Part One of this series traced the history and impact of Chicago’s famous community mural, the Wall of Respect—a timeline which connects the Black Renaissance, the Great Migration of African Americans, the Civil Rights, Black Power, and Black Arts Movements, protests against the Vietnam war, the contemporary mural tradition, the emergence of modern graffiti and street art, and public art policy. In Part Two, CRP Executive Director Desi Mundo further embellishes the legacy of the Wall of Respect, linking a recent symposium celebrating its 50th anniversary to his artistic development, the evolution of CRP’s organizational aesthetic, and its approach to community engagement.
Despite the majority of my work being on the West Coast, my roots run deep in my hometown of Chicago. My godmother, Susan Woodson, once caught a ride from the legendary performer and political activist, Paul Robeson, from Seattle to Chicago. She also lived in the historic Rosenwald building, which housed many of the central characters in Chicago’s Black Renaissance . Over holiday meals, she would regale us with tales of legends like Langston Hughes, Margaret Burroughs, and Gwendolyn Brooks sitting around her kitchen table. Woodson’s brother, Horace Cayton, wrote the definitive history of the time period, “Black Metropolis,” which he taught in a course at UC Berkeley. Growing up, the pantheon of black heroes described by my godmother organically laid the foundation for my love for hip-hop, which blossomed as I began to define my own identity as a teenager.

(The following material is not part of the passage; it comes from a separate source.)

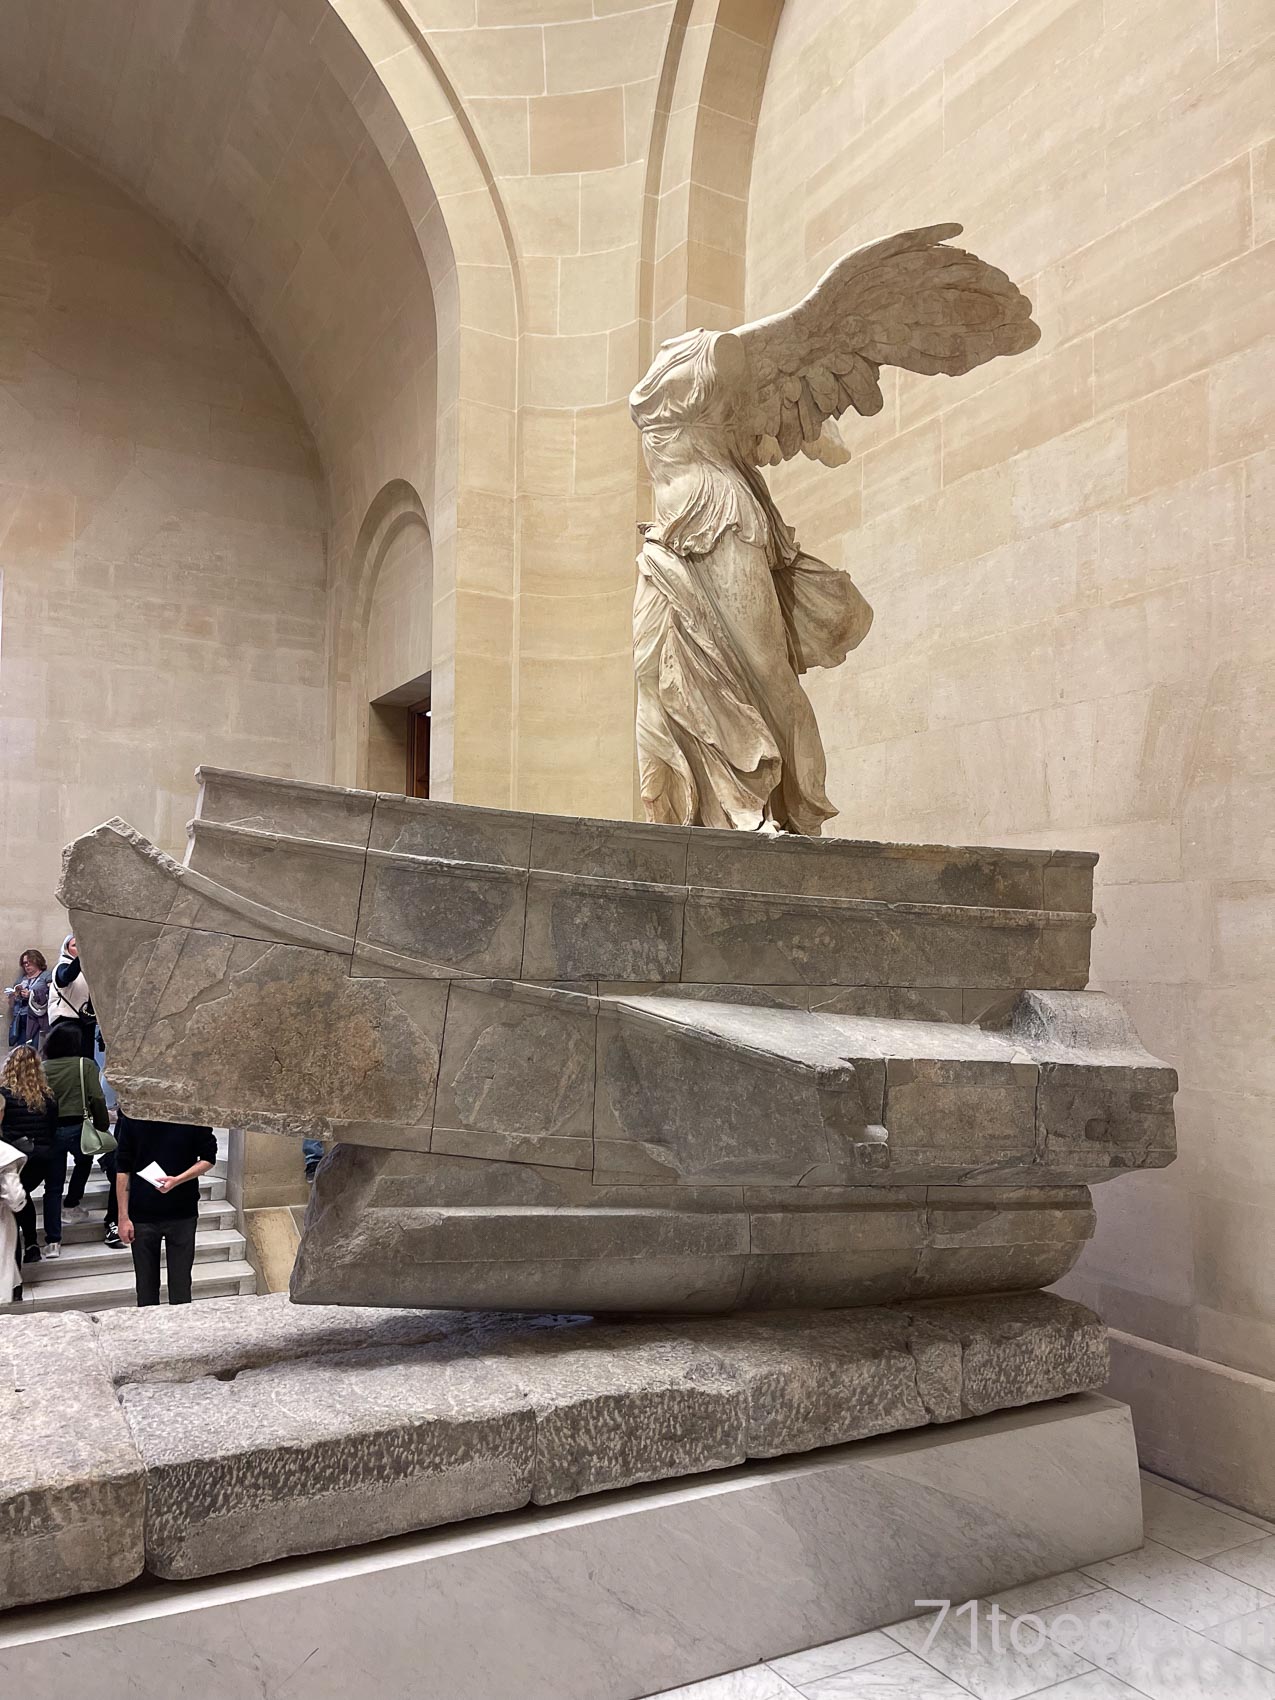 the statue of Winged Victory is such a good symbol of strong women

My relationship to my godmother, as well as my father’s work as a local historian, played a part in the creation of the first mural that I worked on. I’ve always had an interest in lineage and legacies, so I was both fortunate and determined in seeking out my first teachers and mentors to guide me through the process. In 1992, I affiliated with Chapter 13 of the ChiRock Nation, a grassroots, youth-led hip-hop organization that gathered practitioners throughout Chicago’s segregated neighborhoods. It was in one of our monthly meetings that the infamous North Side writer Heckle Fresh shared the legacy of Harold Washington, Chicago’s first and only black mayor. Washington had been so honored by the aerosol writers, that when he died, they took to the subways and painted end to end cars saying “We Miss You Harold.” .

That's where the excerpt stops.